We need to careful about sea ice extent - winter extent isn't a useful metric. During the Arctic winter it will always freeze, it's dark with surface temperatures -20C and below. The useful metrics are summer minimum and volume.

We have lots a lot of Arctic sea ice this season a record amount, to a new minimum. This, from a fairly high winter extent illustrating how poor a metric it is.

Here's the chart of Arctic sea ice volume:
http://psc.apl.washington.edu/wordp...olume/BPIOMASIceVolumeAnomalyCurrentV2_CY.png
Volume is more informative than area extent, especially winter area extent.

Regarding Antarctic sea ice the key thing to remember is that the north and south pole systems could hardly be more different. Pretty much their only common factor is that they are at poles. It would be surprising if they responded the the same way. We know circulation has a big role to play in regional temperatures. Without ocean and atmosphere circulation the equator would be a lot hotter than today and the poles a lot colder. What's happening in Antarctica is that the already somewhat isolated continent is warming slower than rest of the planet, increasing the temperature difference, which is increasing its isolation from climate dynamics (circulation). I read somewhere that the isolating circumpolar wind field has strengthen.

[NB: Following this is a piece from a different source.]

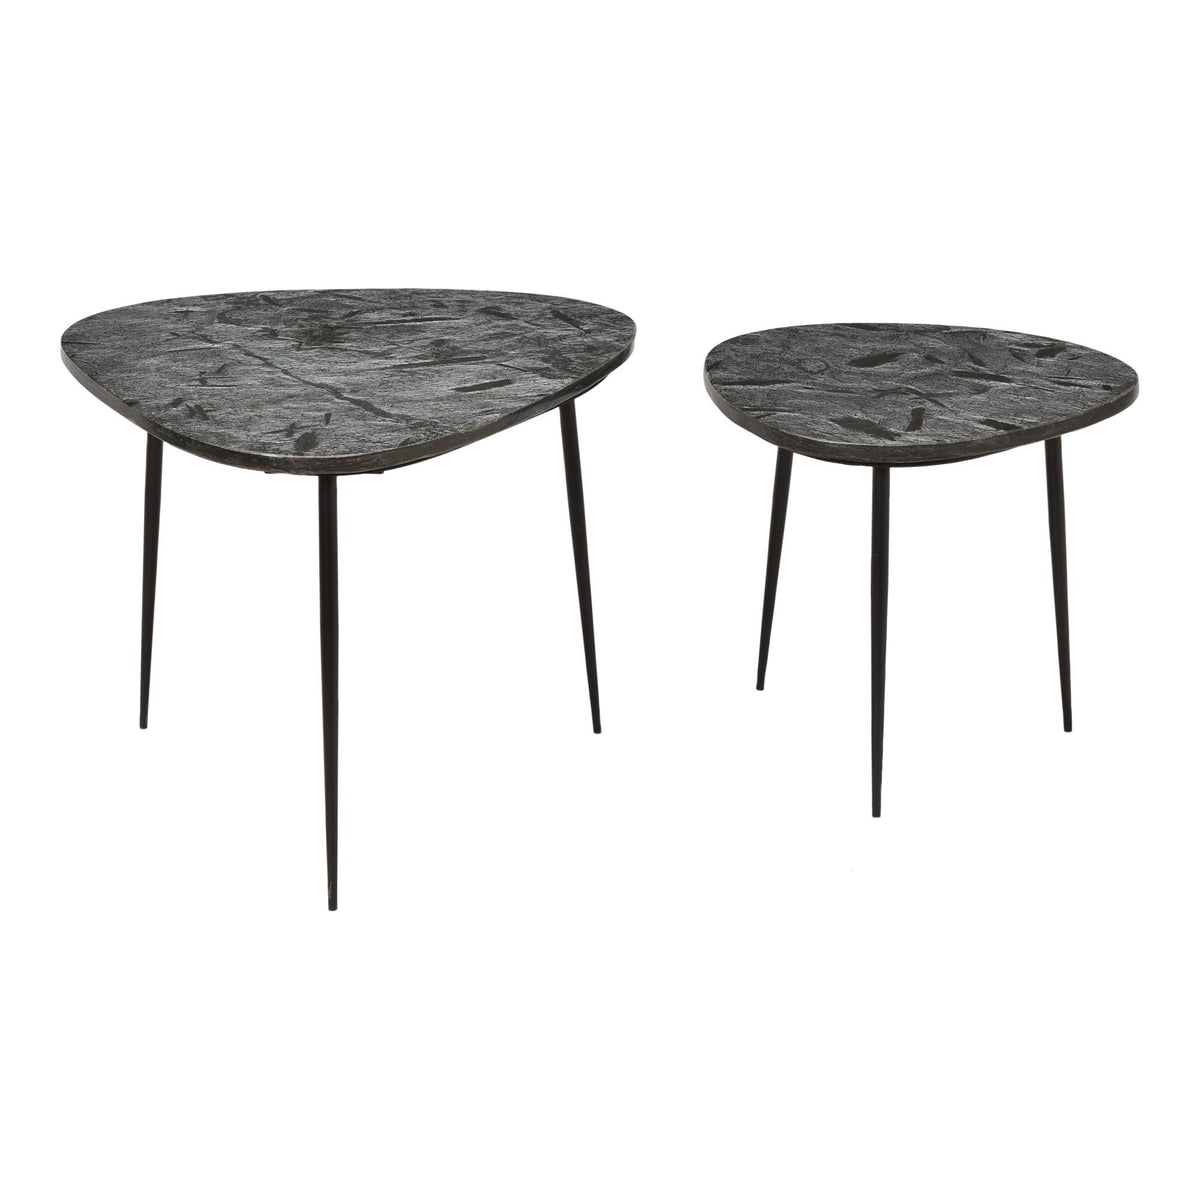 Moe's Home Collection Rigby Nesting Tables - IK-1023-02

It's incorrect to suggest the growth in Antarctica some how nullifies the significance of Arctic ice loss, that would be comparing apples to oranges. The two systems are not commutable.
 
very informative clv
muswell which bit did you read:
"The average sea ice extent for January 2013 was 13.78 million square kilometers (5.32 million square miles). This is 1.06 million square kilometers (409,000 square miles) below the 1979 to 2000 average for the month"
 
Perhaps we should always bear in mind that the planet hasn't always had an Antarctica - indeed it was the breaking away of the landmass that migrated towards the Southern pole during the Miocene Period and became 'Antarctica' that is thought to be responsible for the dramatic global cooling which caused mass deforestation and the subsequent evolution of the honeybee.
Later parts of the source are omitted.